Another approach is to pass the lines through a filter function
def splt(astr):
strs=astr.split()
def foo(astr):
if b'(' in astr:
astr = astr.strip(b')').split(b'(')
return b','.join(astr)
return astr
return b','.join([foo(a) for a in strs])
In [26]: [splt(line) for line in txt]
Out[26]:
[b'#,p*,T*,P*,U*,P*_cs,U*_cs,Steps,dt*',
b'0.1,6.0,0.6499,6,-0.478,2,0.6525,-0.452,30000,0.002',
b'0.2,6.0,1.442,1,-0.942,2,1.452,-0.890,30000,0.002',
b'0.3,6.0,2.465,3,-1.376,1,2.489,-1.298,30000,0.002']
To use this I have to skip the header because the new lines have two added columns
In [28]: data=np.genfromtxt([splt(line) for line in txt], delimiter=',',dtype=None, skip_header=1)
In [29]: data
Out[29]:
array([(0.1, 6.0, 0.6499, 6, -0.478, 2, 0.6525, -0.452, 30000, 0.002),
(0.2, 6.0, 1.442, 1, -0.942, 2, 1.452, -0.89, 30000, 0.002),
(0.3, 6.0, 2.465, 3, -1.376, 1, 2.489, -1.298, 30000, 0.002)],
dtype=[('f0', '<f8'), ('f1', '<f8'), ('f2', '<f8'), ('f3', '<i4'),
('f4', '<f8'), ('f5', '<i4'), ('f6', '<f8'), ('f7', '<f8'),
('f8', '<i4'), ('f9', '<f8')])
But I could modify the original dtype
to make the 2 fields (sub)arrays:
In [30]: dt=np.dtype([('p', '<f8'), ('T', '<f8'), ('P', '<f8',(2,)),
('U', '<f8',(2,)), ('P_cs', '<f8'), ('U_cs', '<f8'),
('Steps', '<i4'), ('dt', '<f8')])
In [31]: data = np.genfromtxt((splt(line) for line in txt), delimiter=',',dtype=dt, skip_header=1)
In [32]: data
Out[32]:
array([(0.1, 6.0, [0.6499, 6.0], [-0.478, 2.0], 0.6525, -0.452, 30000, 0.002),
(0.2, 6.0, [1.442, 1.0], [-0.942, 2.0], 1.452, -0.89, 30000, 0.002),
(0.3, 6.0, [2.465, 3.0], [-1.376, 1.0], 2.489, -1.298, 30000, 0.002)],
dtype=[('p', '<f8'), ('T', '<f8'), ('P', '<f8', (2,)), ('U', '<f8', (2,)),
('P_cs', '<f8'), ('U_cs', '<f8'), ('Steps', '<i4'), ('dt', '<f8')])

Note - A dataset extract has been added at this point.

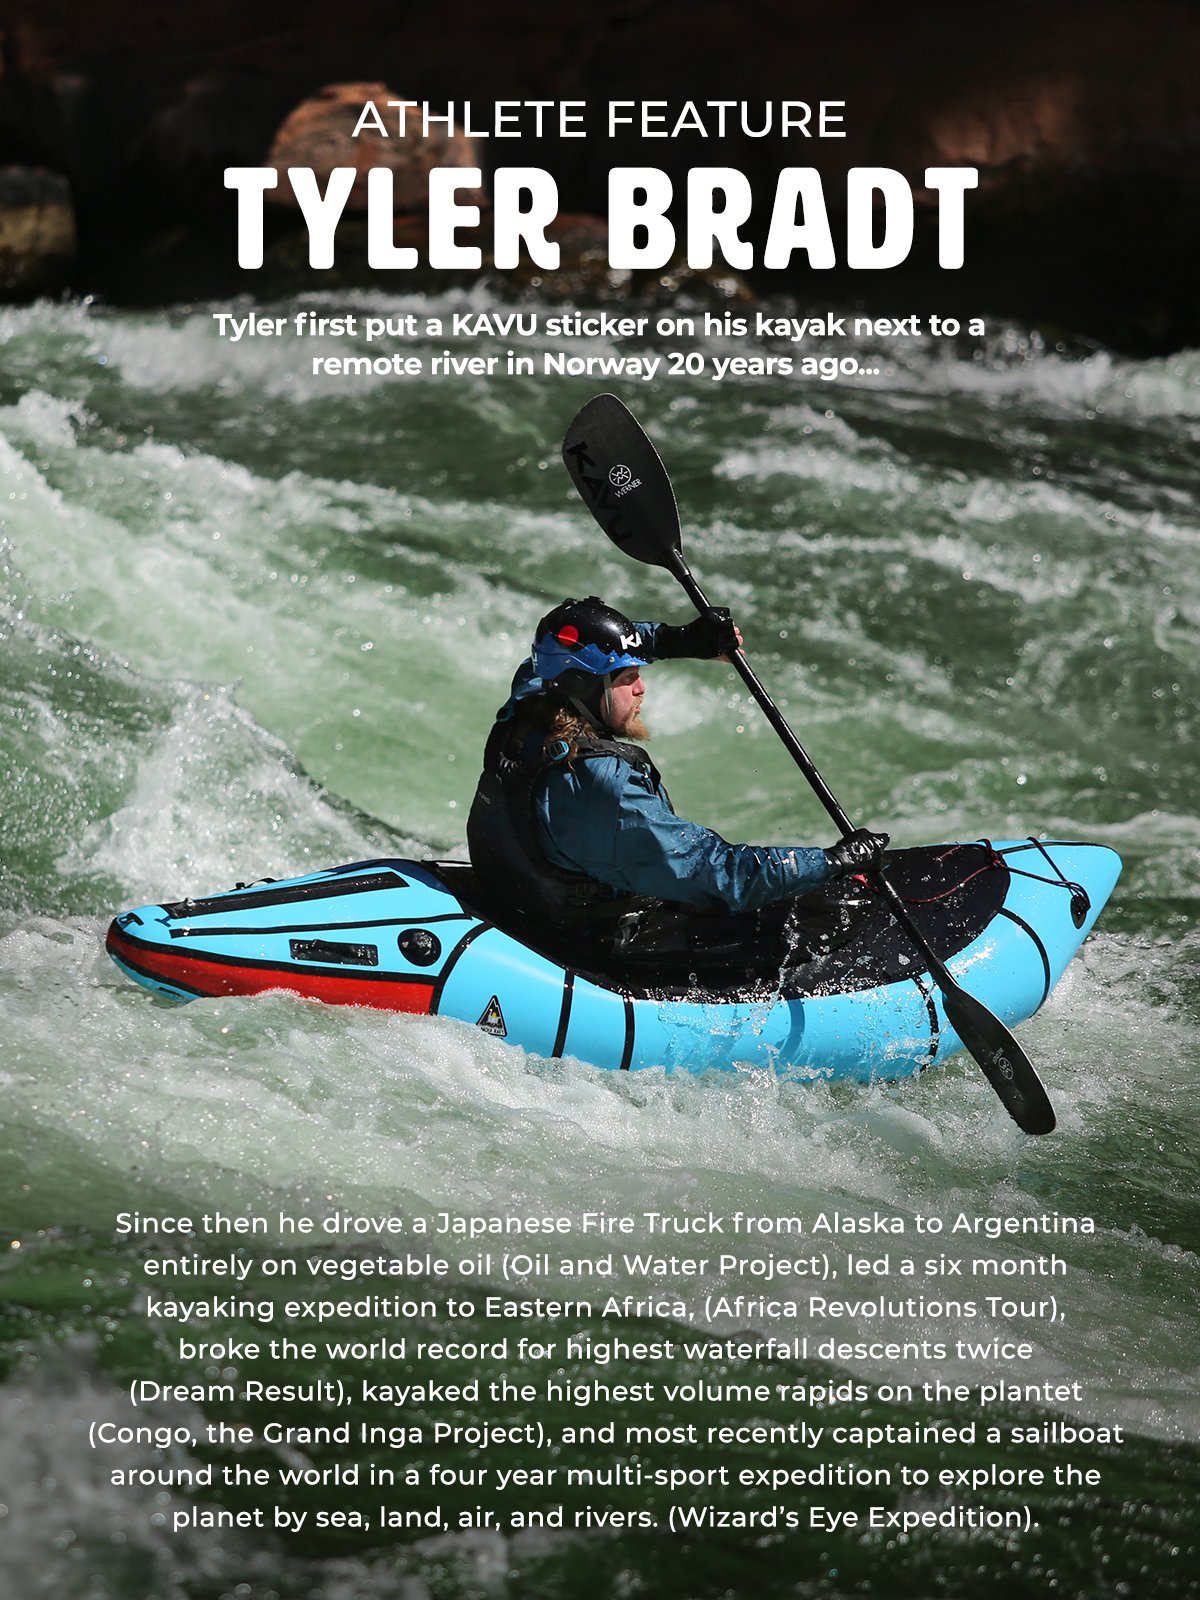 KAVU: Meet Tyler Bradt

Such a field would look like:
In [33]: data['P']
Out[33]:
array([[ 0.6499, 6. ],
[ 1.442 , 1. ],
[ 2.465 , 3. ]])
I could define other dtypes
, just as long as the number of fields match.
With a file, rather than these text lines, I would use something like (not tested):
with open(filename,'wb') as f:
data = np.genfromtxt((splt(line) for line in f),...
Here, and above, I'm using the generator expression (splt(line) for line in x)
, though the list comprehension would be fine. Any code that opens the file and yields/returns the modified lines will work.